Spinks dominated the middle rounds, fighting with a spirit that enabled him to own the momentum and score at will. His combinations started to connect, and Holmes seemed to be surprised at the smaller man's firepower. By the end of Round 8, a mousy swelling appeared over Holmes' left eye and he looked old and weary. The crowd was in Spinks' corner as they chanted, "Michael, Michael, Michael!" The left jab that had served Holmes so well through the entirety of his career now resembled a silly play thing. And he teetered on legs like those of a small child trying to walk for the first time.
"That style of his presented a problem," Holmes said. "It was weird, unorthodox. Whatever it was, I lost the fight."

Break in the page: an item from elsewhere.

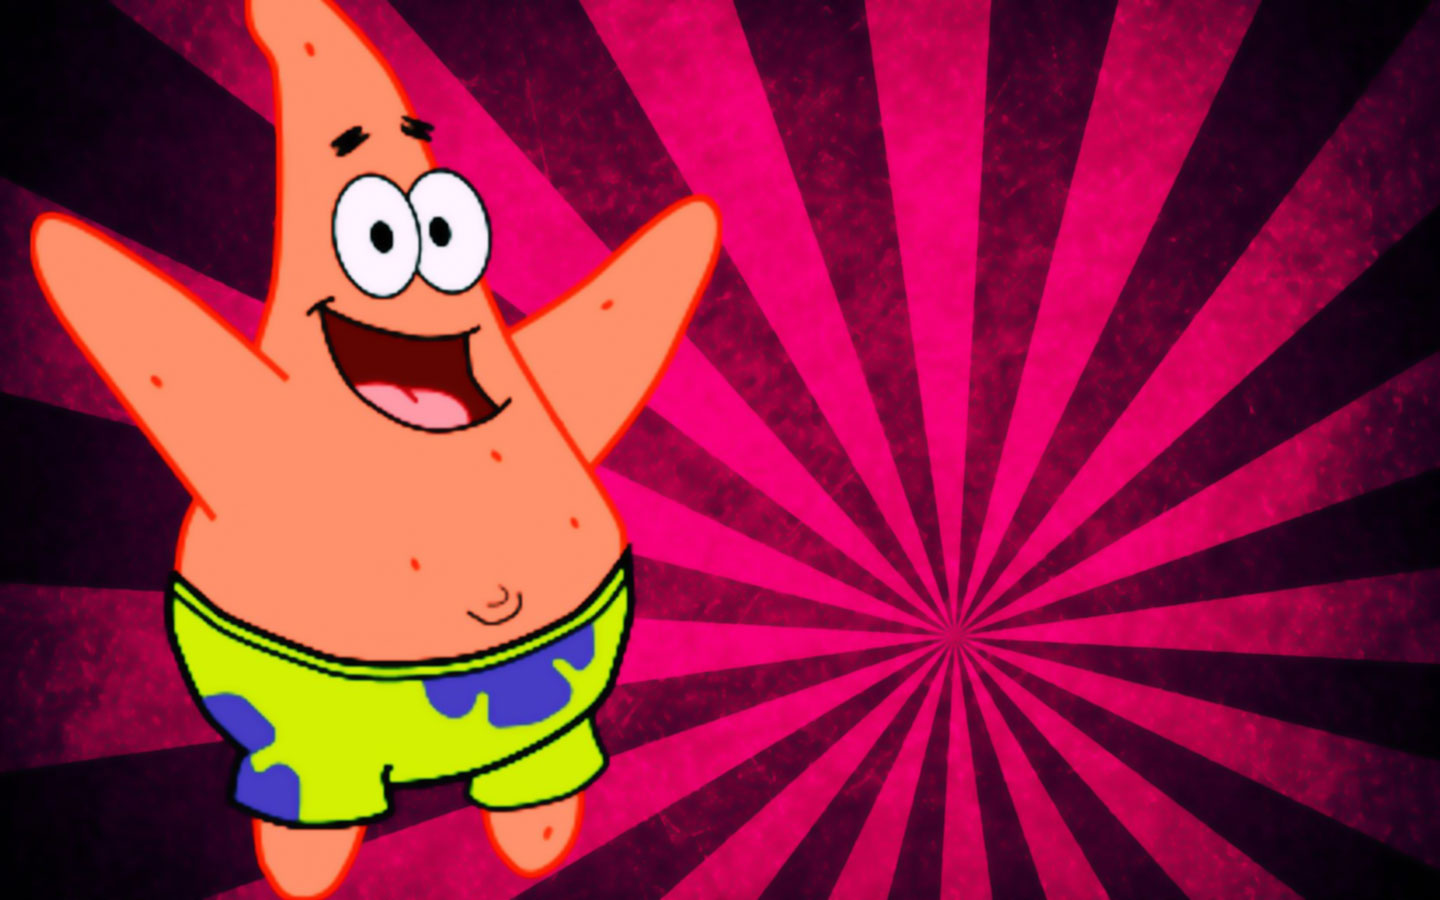 Patrick wallpaper - Spongebob Squarepants Wallpaper (40607115) - Fanpop

Holmes said he coasted the 10th, 11th and 12th rounds to preserve energy for the last two, which proved to be his greatest accomplishment. Although he appeared frustrated, Spinks continued to charge into Holmes and throw everything he had. When the champion looked strong, Spinks regrouped and came in even stronger. When Holmes started to move and landed a hard left and right, Spinks moved, too, and landed a few hands of his own.
"I think all my movement startled him," Spinks said. "I felt like I was burning. The extra weight on me wasn't food or fat. It was all muscles. I went in there with a totally rebuilt body."
"He was so awkward," Holmes said, "I just couldn't get a good shot in."
Holmes was stationary only in the next-to-last round. In the 15th, a beady trickle of blood laced his brow and his arm hung heavy against his sweating body. The chant for Spinks rocked the desert night, and the challenger, who would be champion soon enough, rallied behind this hue and cry. Spinks landed a good right that weakened Holmes. Then he threw another right and weakened him more still. When it was over, one champion let his gloves fall at his side. The other, Michael Spinks, raised his high and looked beyond the excellent glare of ring lights and into the heavens.
"I'm a champion," Holmes said. "And I'm not ashamed. I accomplished a lot. I owe nobody nothing . . . I think this would have been my last fight anyway. The symptoms were starting to show and it's just time to quit."
At the news conference, Holmes first thanked his wife and friends for helping him during his career then began a verbal assault against those he thought hurt him along the way. He excoriated one reporter for labeling him as racist, then said, "There will never be a white champion as long as black champions are fighting the way they are."
During his tirade, he also accused Peter Marciano, Rocky's younger brother, of "freeloading off your dead brother. You can go to Boston or wherever you come from and shove it . . . You can never do what I've done. I'm fought my butt off, it takes a helluva champion to do what I've done."
In the back of the room, Peter Marciano embraced his nephew, Rocky, Jr. They didn't say anything, they just stood there. Larry Holmes was talking, but he was no longer champ.
In the featured undercard bout, two of the meanest fellows in town squared off in a blaze of heat and dust. Earlier this week, Alfonzo Ratliff III, otherwise known as "Stringbean," said he would "hit Bull Benton in the shoulder blades and knock him, dead." Ratliff -- that goodness -- was more talk than do.
Bernard Benton, who hardly resembles a bull except for his stubborn, unrelenting charge, won the 12-round unanimous decision to claim Ratliff's World Boxing Council cruiserweight title. Ratliff (20-3), of Chicago, was one of the muffins Holmes included on his list of possible candidates for his 50th fight in November. Benton, who comes from Toledo, Ohio, is 18-3-1.
In another preliminary, Julio Cesar Chavez (46-0) successfully defended his WBC superfeatherweight title against Dwight Pratchett in a 12-round unanimous decision. Chavez pecked away at Pratchett, drawing blood from his nose and almost closing both eyes.